Debt (a short story)

01 Wednesday Oct 2014

Posted by is this anything in short story

≈ Leave a comment

Tags

acceptance, choice, fiction, grace, helplessness, illusion, imbalance, loss, love, memory, short story, time, transience, writing

separation1

Debt

I’ve never been the sort who closes doors on the past. Or, no, that’s not true. I close doors all the time–I just don’t keep them locked. My lifeworn family, ancient friends, antediluvian lovers–even the most distant and/or catastrophic of these relationships is like a bank account I still keep a little money in. (The minimum balance, sometimes: barely enough to warrant the paperwork.) And now and then—to my own surprise, usually—I’ll make a small deposit, or even, rarely, a withdrawal. I’ll look up a friend I haven’t talked to in many years and renew the correspondence for a little while before eventually, inevitably, I let it lapse again.

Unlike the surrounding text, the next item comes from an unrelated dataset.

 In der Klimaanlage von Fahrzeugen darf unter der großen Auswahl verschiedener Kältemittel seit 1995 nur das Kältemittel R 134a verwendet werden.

Late last summer I drove my daughter Becky to her freshman year at Eden College (as they might as well call it): a liberal-arts utopia blooming with marigolds, nasturtiums, and a left-wing agenda so unabashedly radical that it left me nostalgic for a world I’d thought had been eroded away–by time, by parody–years ago. To me the campus seemed a bubble, an oasis. At the very least, it was a clever and durable mirage, thriving, as it seemed, in the midst of a ramshackle, foreclosure-mottled Illinois town that had dried up when the Maytag plant closed–moved operations to Mexico–in 2004. Living as I did (and do) in a similarly dried-up Montana town (copper mine, Chile, 1983), I’d developed a bedouin’s gratitude for oases, not to mention a knack for finding them everywhere, whether they existed or not.

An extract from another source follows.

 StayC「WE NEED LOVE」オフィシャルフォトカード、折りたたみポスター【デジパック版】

I was driving home from Eden now. For the first hour I cried and cried, because Becky is my beloved, my only child, and this would be my first year living far from her. Then for the ten or twelve hours of driving that followed the first, I listened to an audiobook of Lolita, as read–as insinuated–by Jeremy Irons, which slowly, inexorably, made me feel better.

I-90 took me through the heart of South Dakota, and, feeling so suddenly on the brim of a new life (it was too soon to tell, but already I felt myself tingling with my own genesis), I acted on an idea that had been simmering in my mind for a while—ever since I’d realized the college trip would take me through that part of the country. From my hotel in Rapid City I called up a boyfriend—a fiancé, to be more precise than need be, and my first real love—from thirty years ago.

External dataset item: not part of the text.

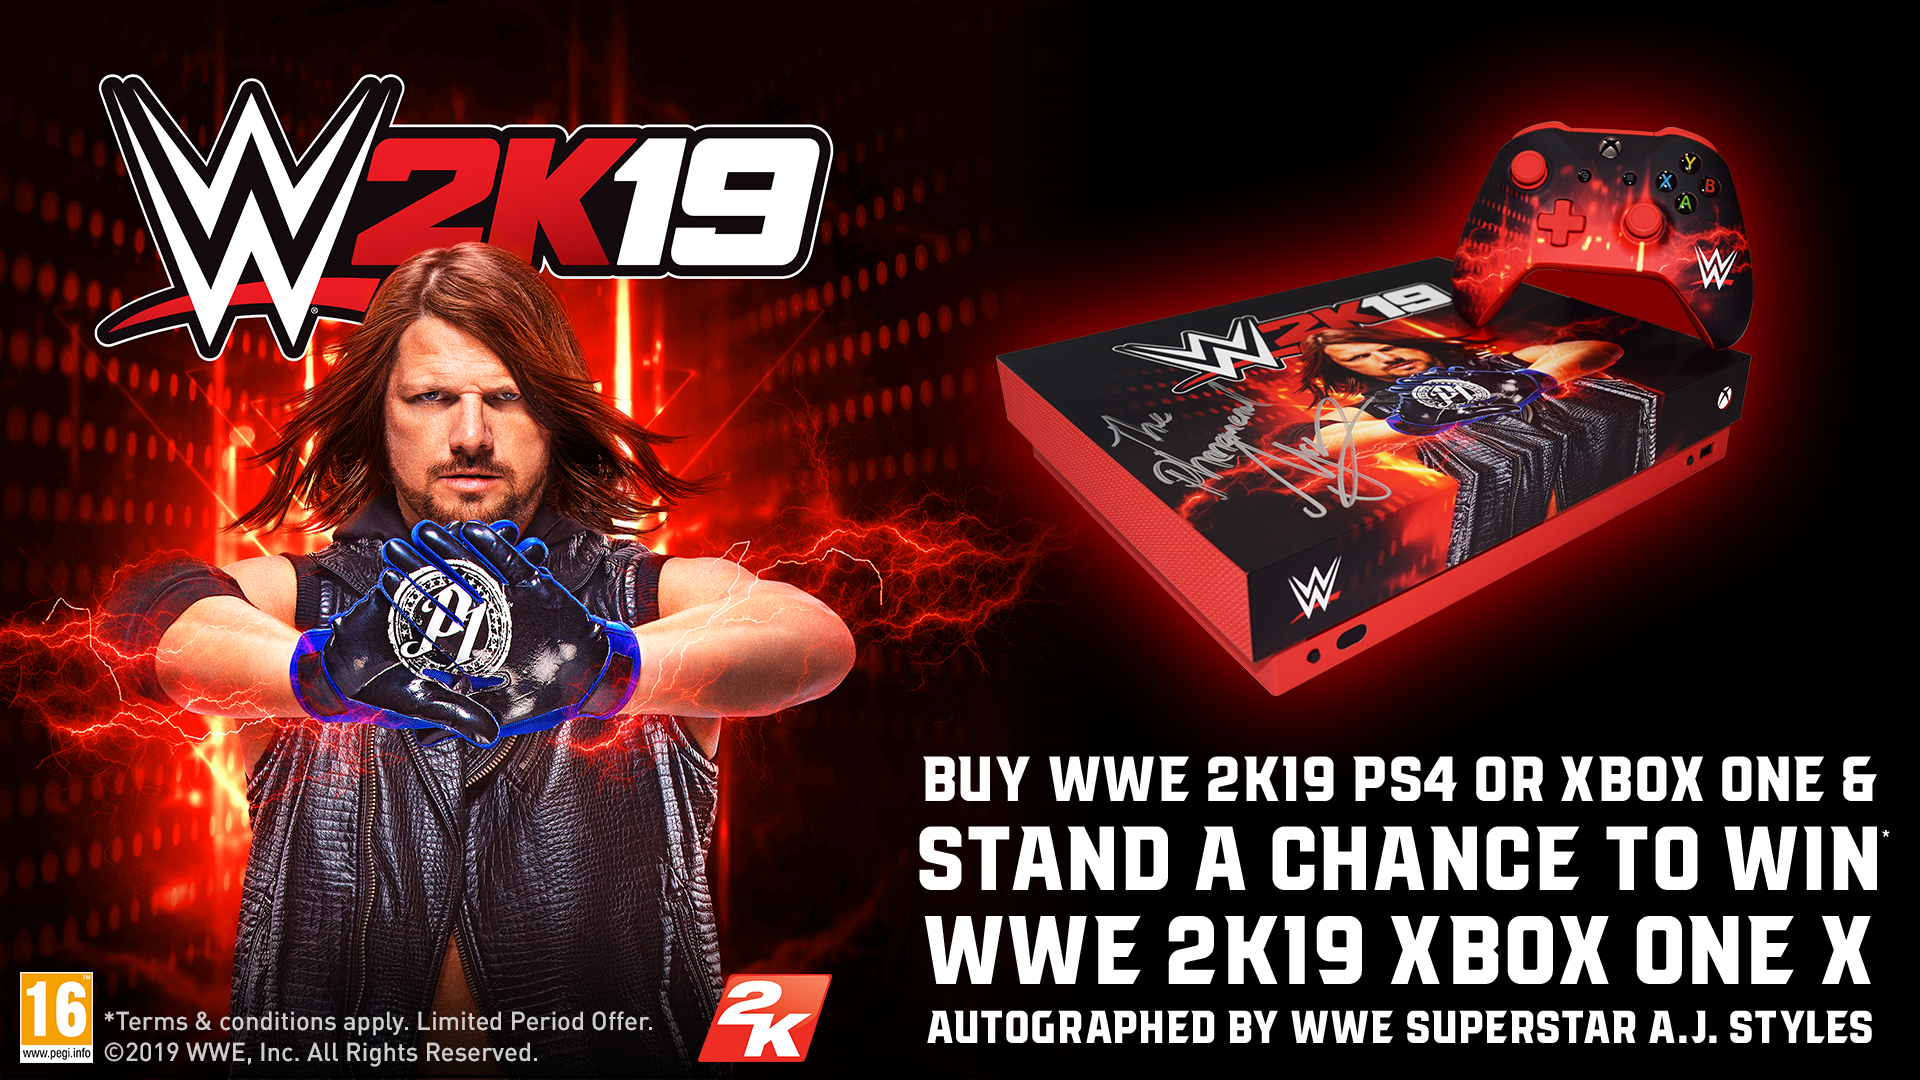 WWE 2K19 themed Xbox One X

We’d ended badly. No need to go into the how and why. I’m not even sure I need acknowledge that our break-up was entirely my fault–though it was, it was. Still, even without having seen him in all this time, that old bank account (to renew that yawnful metaphor) still felt open to me. I’d discovered his whereabouts and phone number via the internet, of course, though they’d been tougher than usual to find because his first and last name are both very common. But I’d always figured he’d eventually moved back to South Dakota, where his roots were. And so, it turned out, he had. I found him–the man I knew for sure was him–via a record of his $650 contribution to a (doomed) South Dakota senatorial campaign back in 2010.

So I called him–why not–and we ended up meeting for lunch the next day at the hotel/casino where he works as some sort of business manager. And it went fine—a bit lackluster, of course, since it’s almost always true that people I haven’t seen since we were younger turn out to have mellowed so much more than I have. Or maybe they’ve simply learned that useful skill of emotional caution that I’ve never been able—or, I guess, willing—to develop in myself. They see the past as having happened long ago, I think, whereas I seem, especially in contrast, to still be living it. It’s surely very easy for people to get the idea that I’ve never stopped thinking of them, even maybe that I’m obsessed, I don’t know. They must sense my yearning to re-engage them in moments we once shared—inside jokes, surprises, conflicts, turning points, endings.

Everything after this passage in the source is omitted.